Beck est la girl next door parfaite sauf qu’au fil des épisodes, les failles seront montrées, les vérités dévoilées. Et ce qui fait la grande force de YOU est que le personnage principal impose sa vision au public, il est alors ludique de trouver soi-même la vérité. On avait laissé Elizabeth Lail dans l’honteuse série Dead of Summer avec son jeu approximatif. Elle s’en sort déjà mieux ici, auréolée d’une direction juste et audacieuse. Dommage que l’épisode 4 annihile ce sentiment avec un personnage plat.

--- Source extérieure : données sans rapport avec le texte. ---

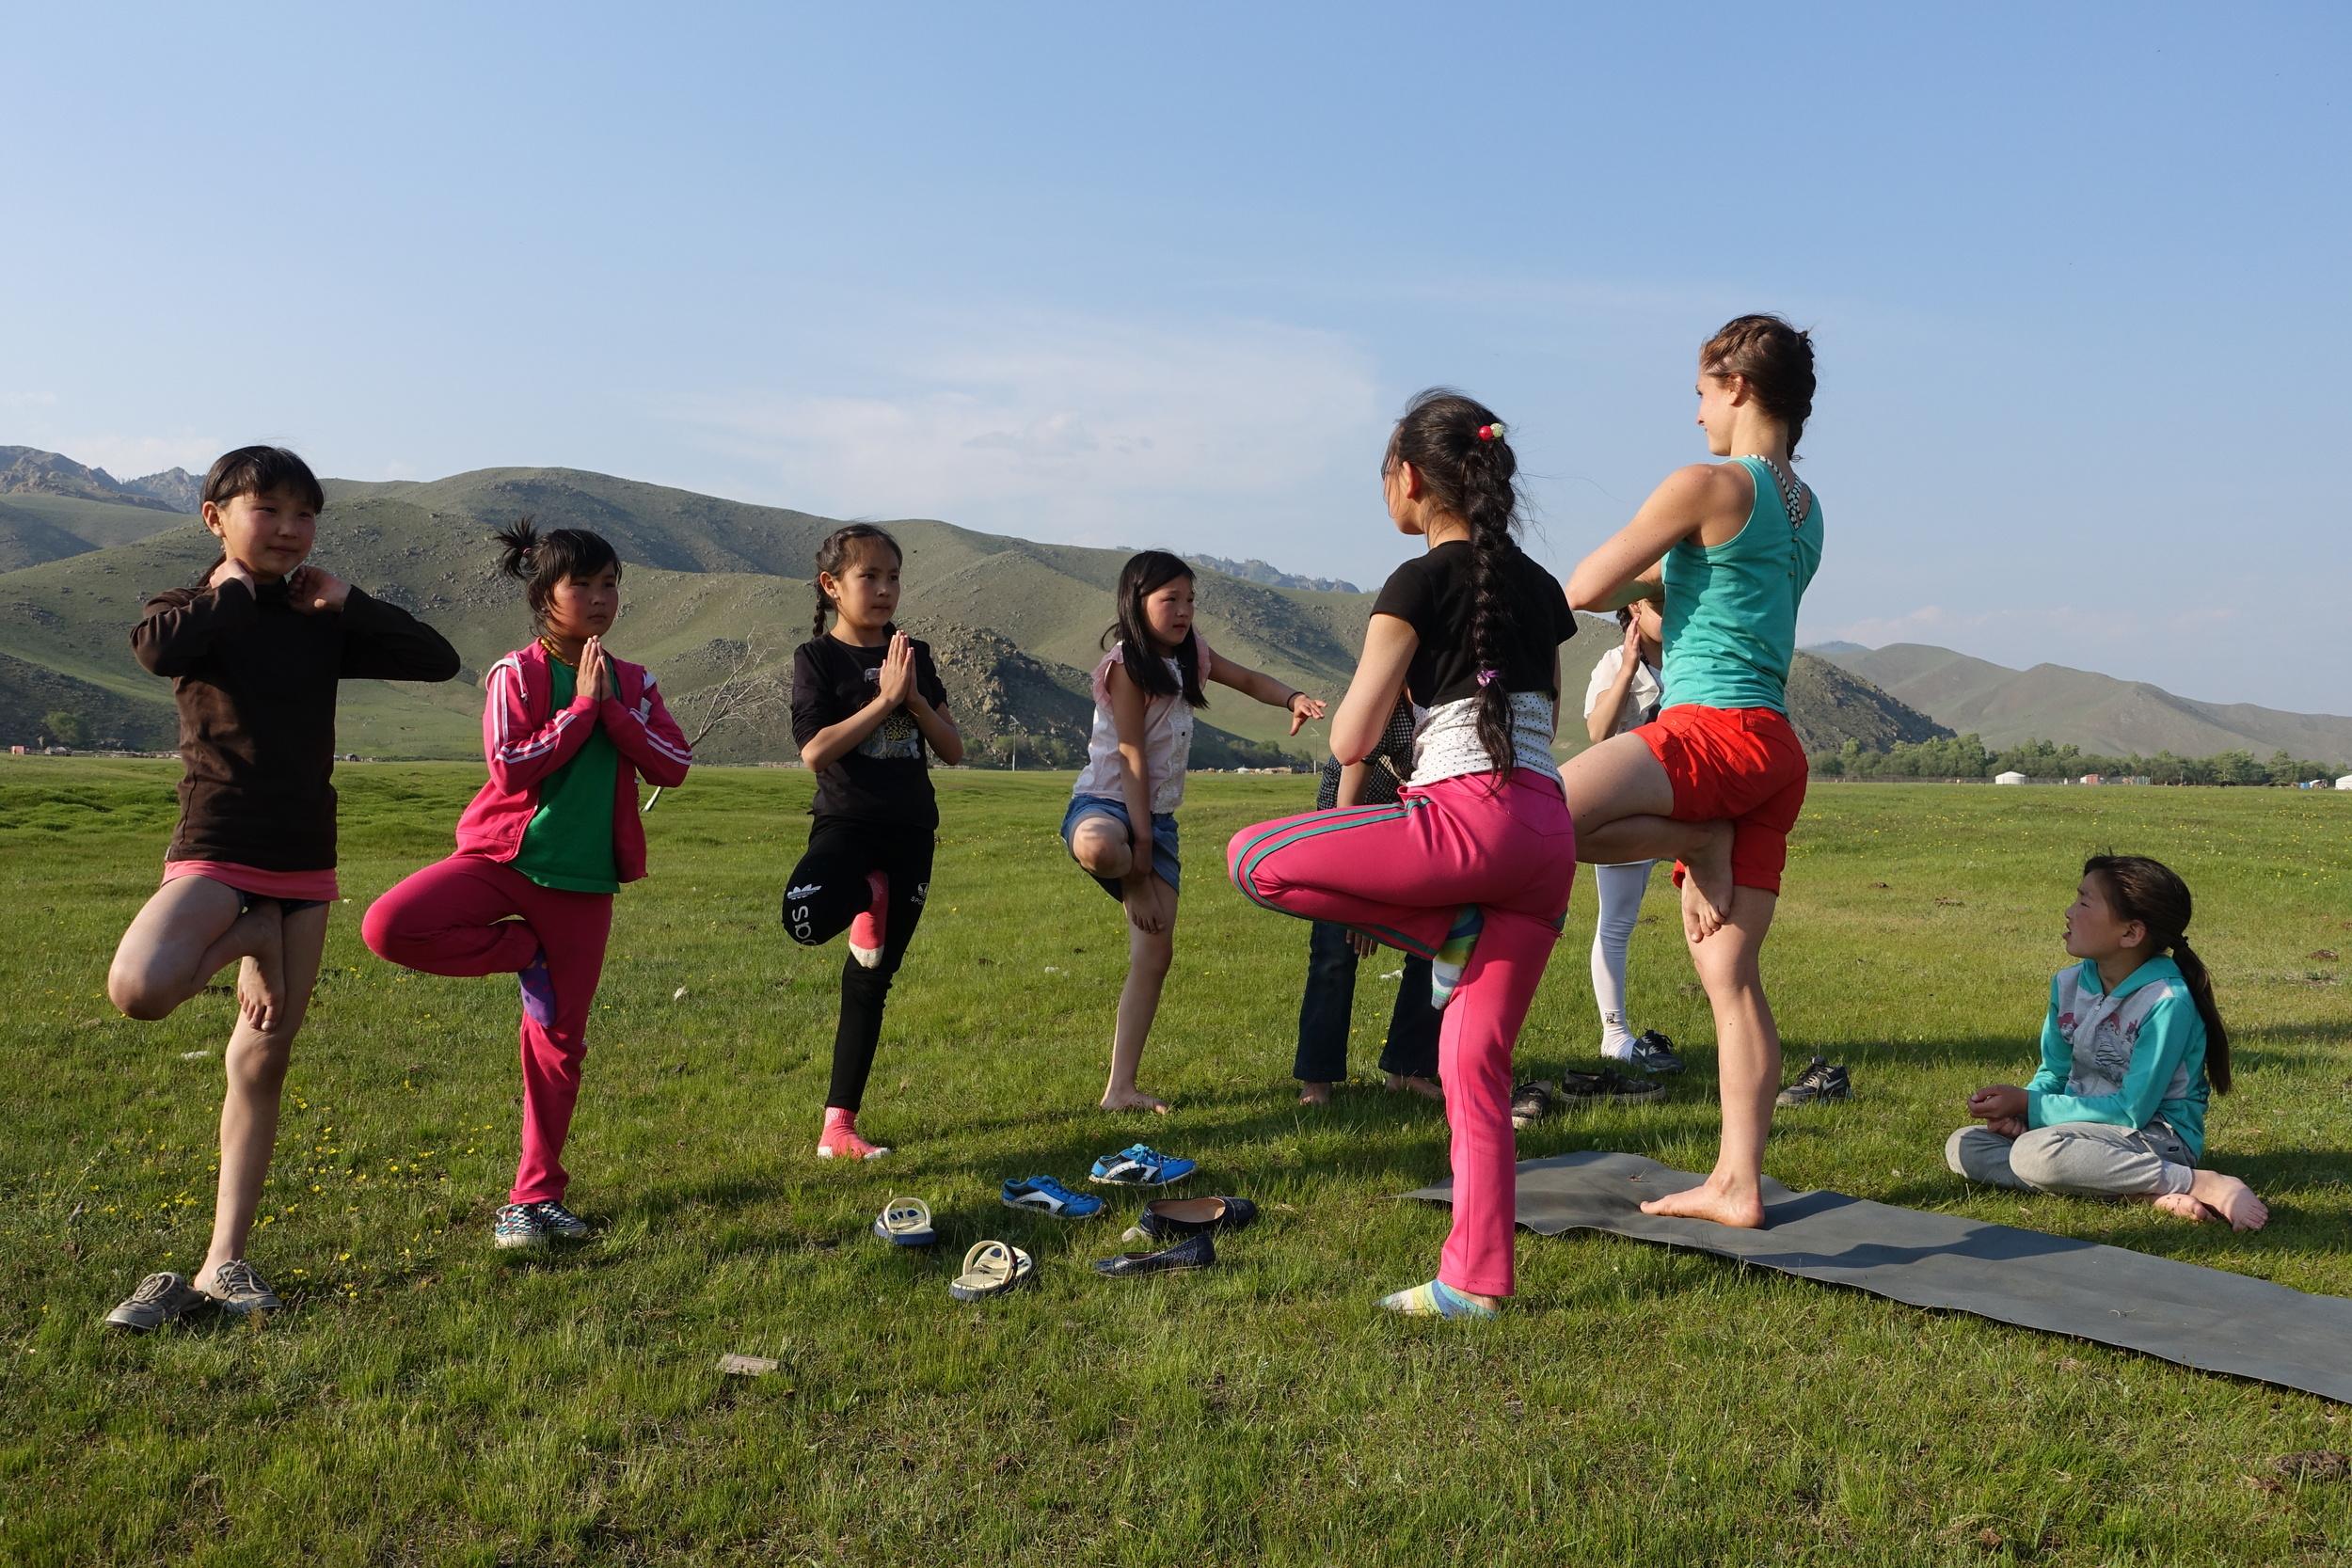 8 aspirant yogis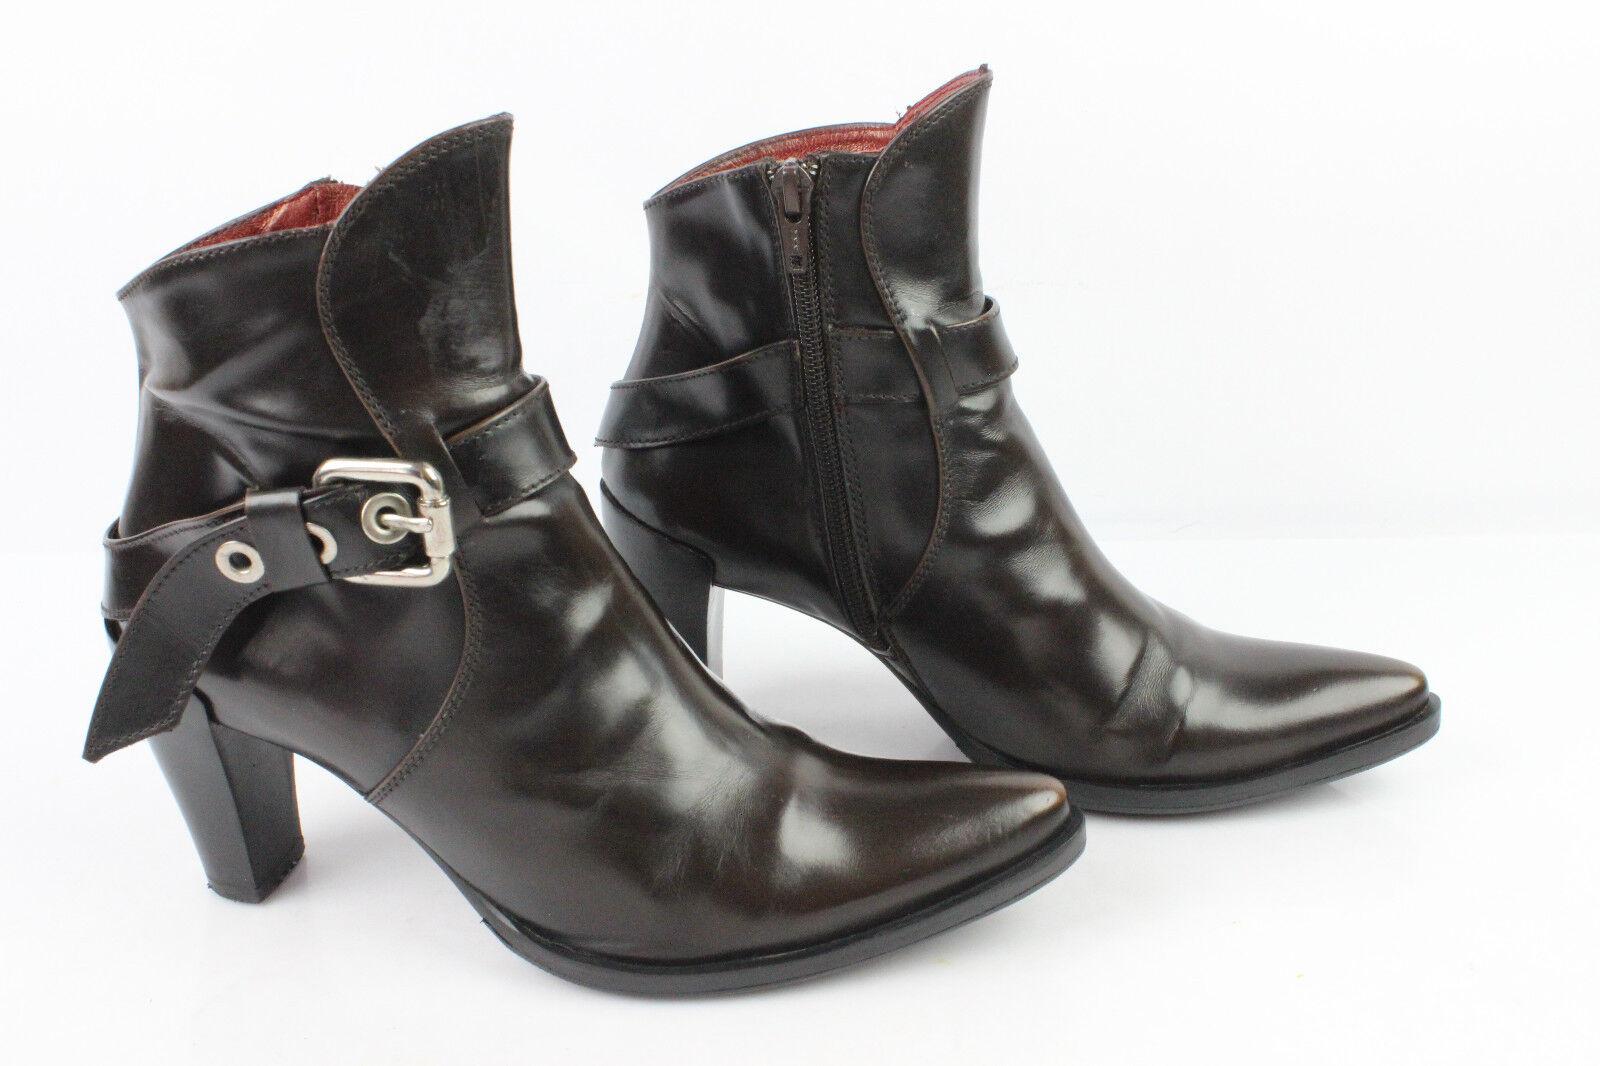 Bottines Boots MURATTI Tout Cuir Glacé brown T 36,5 TRES BON ETAT

You semble avoir le même ADN qu’UnReal à l’époque de sa saison 1 en allant là où les séries n’ont pas été (l’ambiance y est très urbaine, charnelle et un peu « naughty ») et en offrant une série moderne, divertissante et ouverte sur beaucoup de choses. On sent que ce sont deux séries très millenials, avec ce monde cliché, des gens qui s’aiment faussement, qui boivent du Starbucks et qui ont des Iphones… le monde moderne quoi.

La série trouve souvent la bonne idée pour faire basculer une scène d’une ambiance à une autre. On pense notamment à la conclusion de la scène du métro ou à la fin de l’épisode 3 qui pourra, sans honte, détourner le regard des fans des réflexes gatro-scénaristiques de 50 Nuances de Grey. D’ailleurs, cette scène , qui renvoie Joe à quelqu’un de plus terre à terre, est répété trois fois (previously et deux fois dans l’épisode) comme pour souligner l’effet voulu. L’épisode 4 tranche avec le début de saison puisqu’il utilise la double narration et pose une voix-off désastreuse au personnage de Beck. Et d’ailleurs, il tranche totalement avec le ton des trois premiers épisodes. On nous lâche un épisode aux accents de soap assez prononcé, peut-être trop. On s’ennuierait presque.

You est une série résolument bien ficelée avec peu de personnages mais la forme et le fond sont assez frais pour offrir une série divertissante. Le personnage de héros / bad guy fait mouche rapidement et l’histoire est prenante. Lifetime tient là encore une série recommandée qui arrive sur Netflix en France en fin d’année sous le titre Parfaite.